● **WORK TO BE COMPLETED**: Once you find the line with "directvgo logo logo 1 - DirecTV Go Logo" in the entries below, return exactly every line from it through the line with "Con Verano Vector".

● **TASK INPUTS**:

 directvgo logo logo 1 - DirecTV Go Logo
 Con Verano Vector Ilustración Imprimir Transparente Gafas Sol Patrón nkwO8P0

---

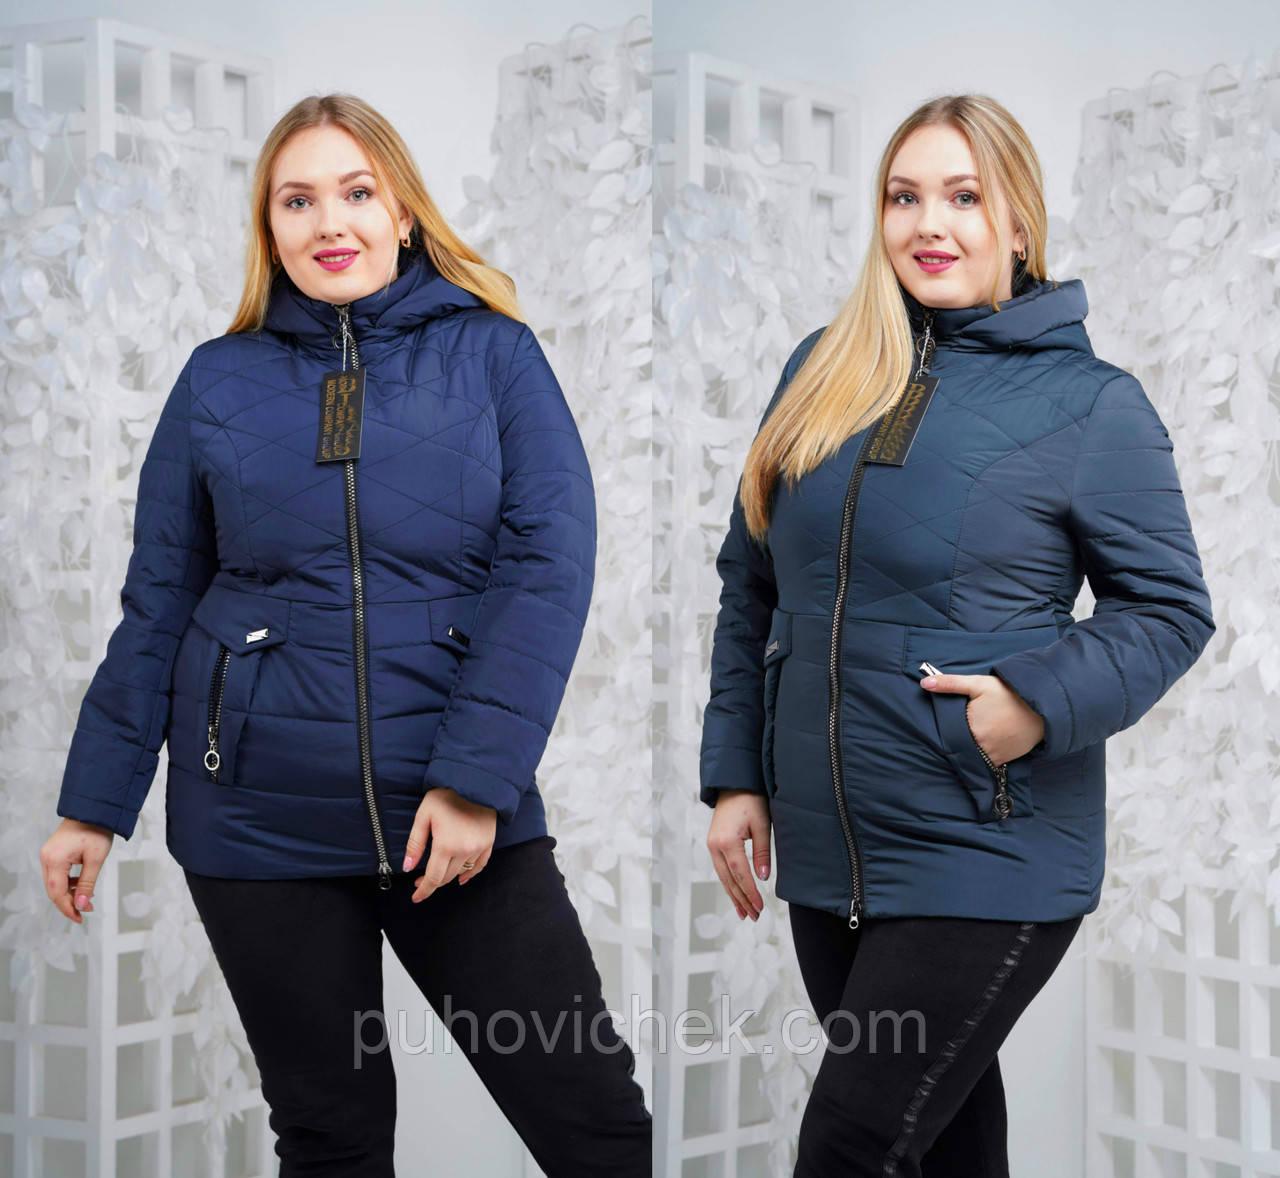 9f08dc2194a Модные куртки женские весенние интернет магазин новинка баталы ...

● **SOLUTION TO THIS PROBLEM**:
 directvgo logo logo 1 - DirecTV Go Logo
 Con Verano Vector Ilustración Imprimir Transparente Gafas Sol Patrón nkwO8P0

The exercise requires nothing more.